М.Б.: Такой театр просто ближе мне как артисту, воспитанному на искусстве танца, искусстве более абстрактном.

Все те пять-шесть драматических спектаклей, в которых я играл — «Запрещенное Рождество» Резо Габриадзе, «Кафка» Стивена Беркоффа, «В Париже» Дмитрия Крымова, «Короткие рассказы» по Беккету и этот — все они относятся скорее к сфере экспериментального театра.

Мне хватает ума понять, что моя пластика и мой опыт танцовщика могут скрыть мои дефекты как драматического актера. Кто знает, когда-нибудь, быть может, я наберусь сил и наглости и решусь сыграть что-нибудь из Тургенева, Лескова, Достоевского или Гоголя в настоящем традиционном драматическом спектакле. Это был бы для меня серьезный шаг, к которому я пока еще определенно не готов. Для этого нужен и соответствующий режиссер калибра Льва Додина, например. Или же современная западная пьеса и состав сильных крупных актеров — да, я мечтаю об этом. И если наберусь сил, и огонь во мне не погаснет, то я, пожалуй, решусь.

Би-би-си: В спектакле чуть ли не половину текста вы произносите на языке оригинала — иногда тут же переводите сами, иногда это делает Уиллем Дефо. Как появилось такое нестандартное решение?

М.Б.: Разумеется, поначалу мы работали исключительно с английским языком. Но через пару недель репетиций Боб вдруг задумался, внимательно на меня посмотрел и говорит: «А ты можешь произнести эту фразу по-русски? Я хочу, чтобы у нас было как бы эхо самого Хармса».

В итоге Уиллем получил информационную составляющую текста, а на меня пала роль передать интонацию, голос самого автора. Именно так я понял свою задачу, хотя полностью Роберт так и не объяснил мне свой замысел. Он просто решил, что это абсолютно необходимо.

Би-би-си: Вы инициировали постановку американского спектакля по русскому писателю Даниилу Хармсу и полспектакля играете по-русски. Играете в спектакле по другому русскому писателю Ивану Бунину, мечтаете сыграть Тургенева, Гоголя, Чехова или Достоевского. Что же для вас русская культура, Россия?

М.Б.: Это то, что я есть. Я — часть русской культуры. И проникнуть в мир этих писателей… Во-первых, я таким образом изживаю свой комплекс вины. В школе я если и читал, то читал быстро и поверхностно. Был полностью погружен в балет, в молодую жизнь и серьезно читать начал, когда мне было уже хорошо за 20, когда я оказался в Америке.
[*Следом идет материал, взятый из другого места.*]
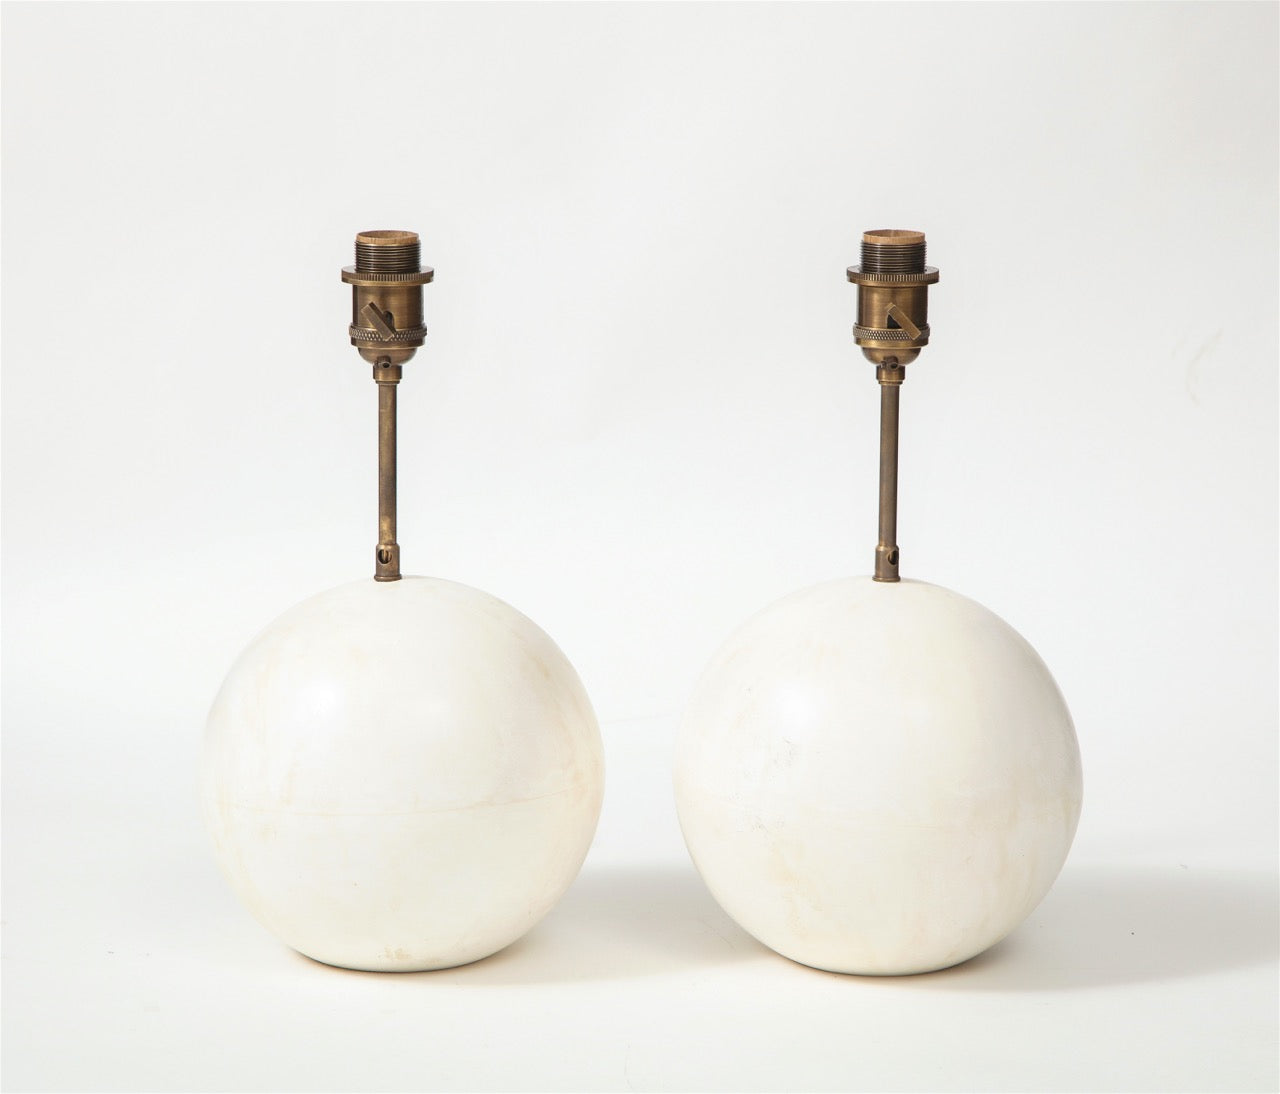 Pair of Handmade Plaster Table Lamps with Globe Bases by Facto Atelier Paris

Я читал по очереди одну книгу по-английски, одну книгу по-русски.

И с точки зрения языка этот спектакль мне давался очень непросто. У меня был аналогичный опыт в спектакле «В Париже» по Бунину, но там нужно было совмещать русский и французский, языки более близкие друг другу и культурно, и фонетически. А здесь иногда с русским у меня просто возникали артикуляционные проблемы, я вдруг запинался, мне трудно было выговаривать русские слова — артикуляционные системы русского и английского работают совершенно по-разному.

Конечно, это выправится, но когда я вдруг почувствовал это, то был удивлен. Но, конечно, для меня удовольствие говорить по-русски на сцене.

Би-би-си: Вы эмигрировали почти 40 лет назад — в 1974 году – и с тех пор ни разу не были ни в Советском Союзе, ни в постсоветской России. Но в Петербурге есть легенда, что однажды — уже после развала СССР — вы и Бродский хотели приехать в город инкогнито, на один день — просто взглянуть на него. В какой степени эта легенда соответствует действительности?

М.Б.: Это была так… полушутка. Мы оказались вместе в Швеции, и тогдашний мэр Петербурга Анатолий Собчак пригласил Иосифа в город на какое-то торжественное событие, и Иосиф несколько раз с ним на эту тему беседовал.

И когда мы были в Швеции, сидели в каком-то ресторане, он вдруг мне и говорит: «Мышь — он называл меня Мышь — почему бы нам не сесть на паром, виза для этого не нужна, и посмотреть хотя бы одним глазом». Но потом он просто улыбнулся и говорит: «Нет, ничего из этого не получится».

Я сам никогда ехать туда не хотел. Я тоже всего лишь улыбнулся ему в ответ. Он просто боялся там умереть, и, пожалуй, это могло бы с ним случиться.

У меня никогда не было такой привязанности к этому месту, как у него. Я и прожил-то в России всего 10 лет. Я продукт латвийского воспитания, хотя родители у меня были русские со всеми вытекающими из этого последствиями. Но я никогда не чувствовал ностальгии – точнее, у меня есть ностальгия по русским людям и русской культуре, но не по этому месту на географической карте.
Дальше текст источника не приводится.